Symptoms include vomiting, colitis, diarrhoea, anaemia and irritability. Coughing, wheezing, asthma and rhinitis can all be features of soya intolerance. Asthma can result if soya flour or dust is inhaled. Skin problems such as atopic eczema can also result and very occasionally anaphylactic shock can occur in severe cases. Vomiting and coughing and wheezing usually occur within 2 hours of ingestion with more severe reactions, such as gastrointestinal symptoms, following in 24 to 48 hours.
Although soya allergy is less common than other allergies such as peanut or dairy allergy, soybeans are included on the allergen list. As proved by studies among allergic infants referred to allergy clinics, soya allergy is amongst the most common allergenic foods.
In a study of the prevalence of specific food allergies within unselected paediatric patients, soya was again one of the most common offenders. The allergy is comparatively common amongst younger age groups, although it is sometimes outgrown.
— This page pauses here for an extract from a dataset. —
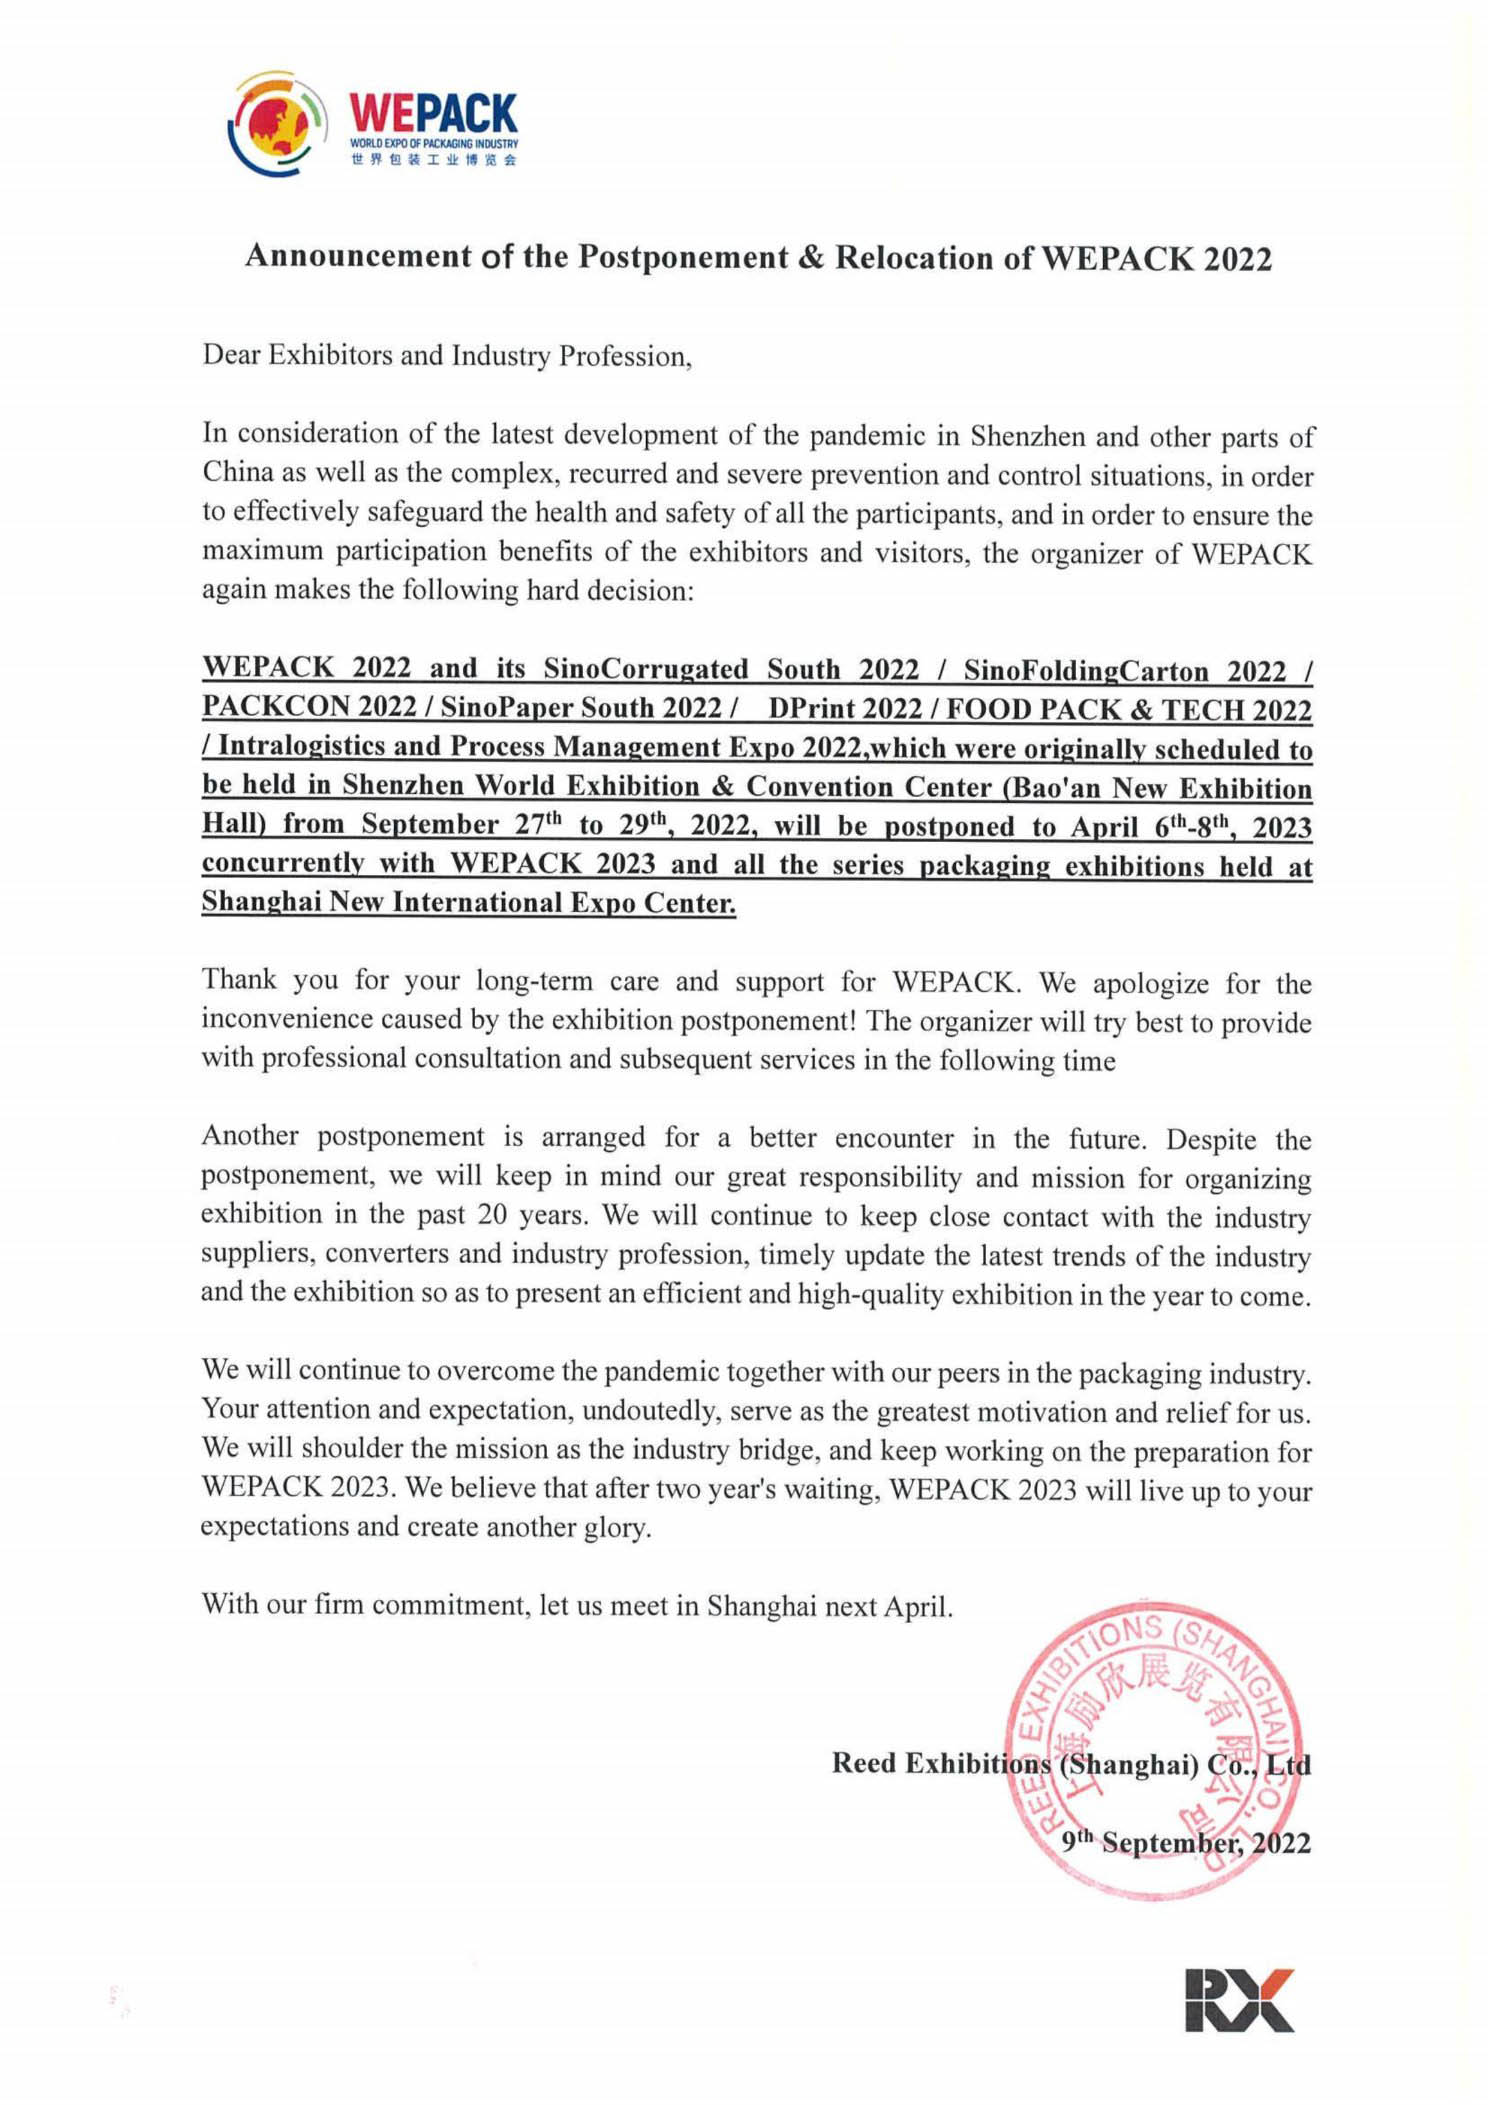 Announcement of the Postponement & Relocation of SinoFoldingCarton 2022

However it can occur in adulthood. Severe fatal reactions have been associated with soya allergy.
It seems soya protein intolerance is more common in people with cow's milk protein intolerance and this is especially so in children. Diagnosis for allergy is best done with trials of withdrawals and re-introduction of soya because skin prick tests are often unhelpful, as can be the case with cow's milk protein intolerance.
Completely avoiding soya protein in the diet is difficult because an enormous range of manufactured foods contain it. There is now a widespread use of soya protein in flour and therefore in most bread. Any bread sold unwrapped would not declare soya in its ingredients and even some wrapped breads do not declare the soya protein used as they do not have to by law. Soya is one of the ingredients along with iron salts, thiamine and bleaching agents etc. that can be undeclared.
All allergic reactions to soya concern soya protein. It is unknown whether soya lecithin, soya margarine or soya oil contain sufficient protein to provoke allergic reactions. In some studies those with soya allergy could tolerate small amounts of soya oil, lecithin and margarine, but in other studies patients could not.
Only minute amounts of protein were found in soya oil in one study. However it depends on the source of soya used and can vary from one product to another. The implication is that these items must be excluded from the diet if protein needs to be completely avoided - again it depends on the level of allergic reaction.